• _Supplied information_:
##########

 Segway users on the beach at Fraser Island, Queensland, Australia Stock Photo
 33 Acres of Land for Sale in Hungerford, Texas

##########

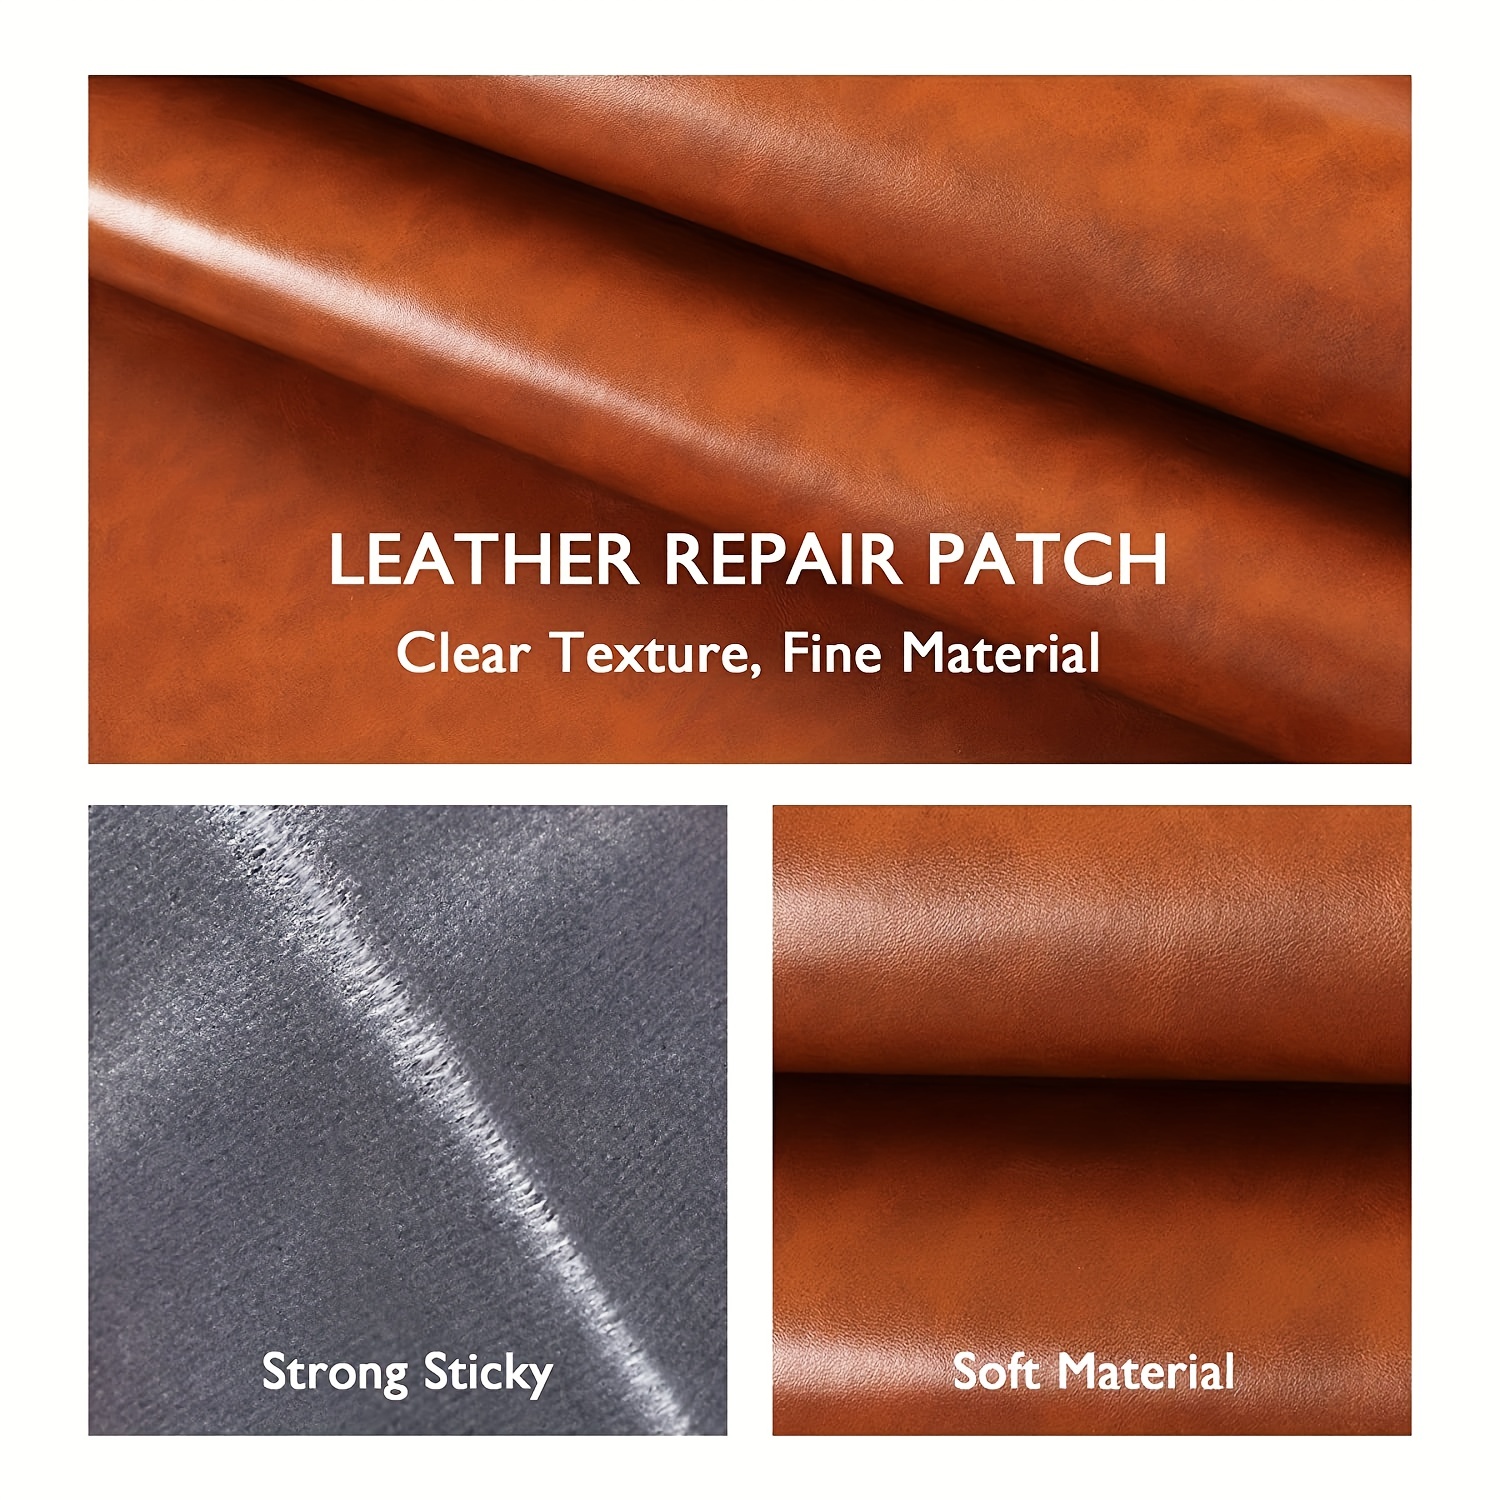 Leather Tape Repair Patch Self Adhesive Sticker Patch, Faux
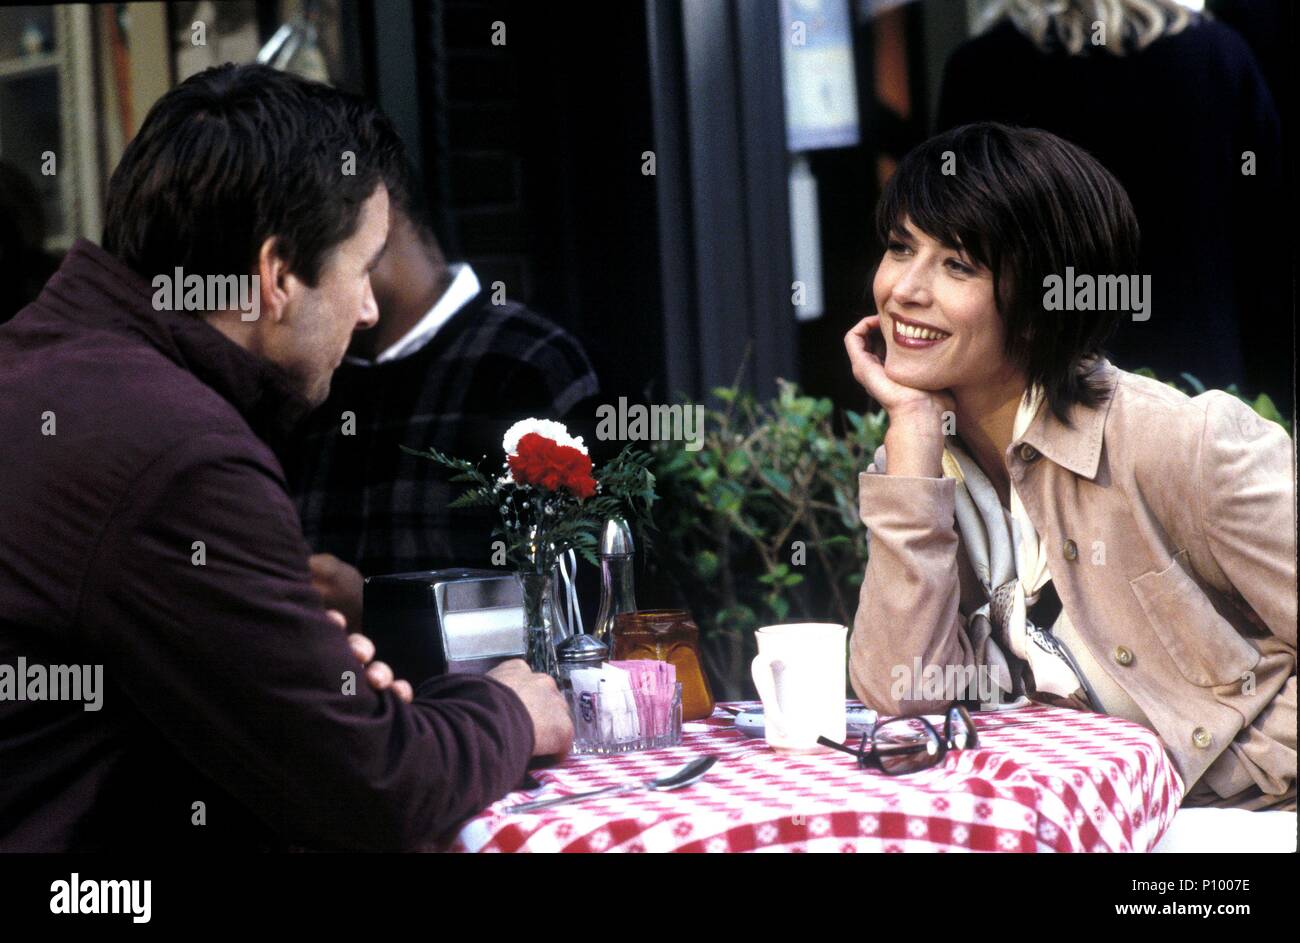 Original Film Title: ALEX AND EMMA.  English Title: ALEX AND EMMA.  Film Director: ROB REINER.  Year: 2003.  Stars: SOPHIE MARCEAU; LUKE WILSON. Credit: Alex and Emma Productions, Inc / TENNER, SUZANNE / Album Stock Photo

##########

• _Your instructions_: An exact copy of the lines above, from the one containing "Segway users on" through the one containing "33 Acres of", is the whole of the answer.

• _Task response_:
 Segway users on the beach at Fraser Island, Queensland, Australia Stock Photo
 33 Acres of Land for Sale in Hungerford, Texas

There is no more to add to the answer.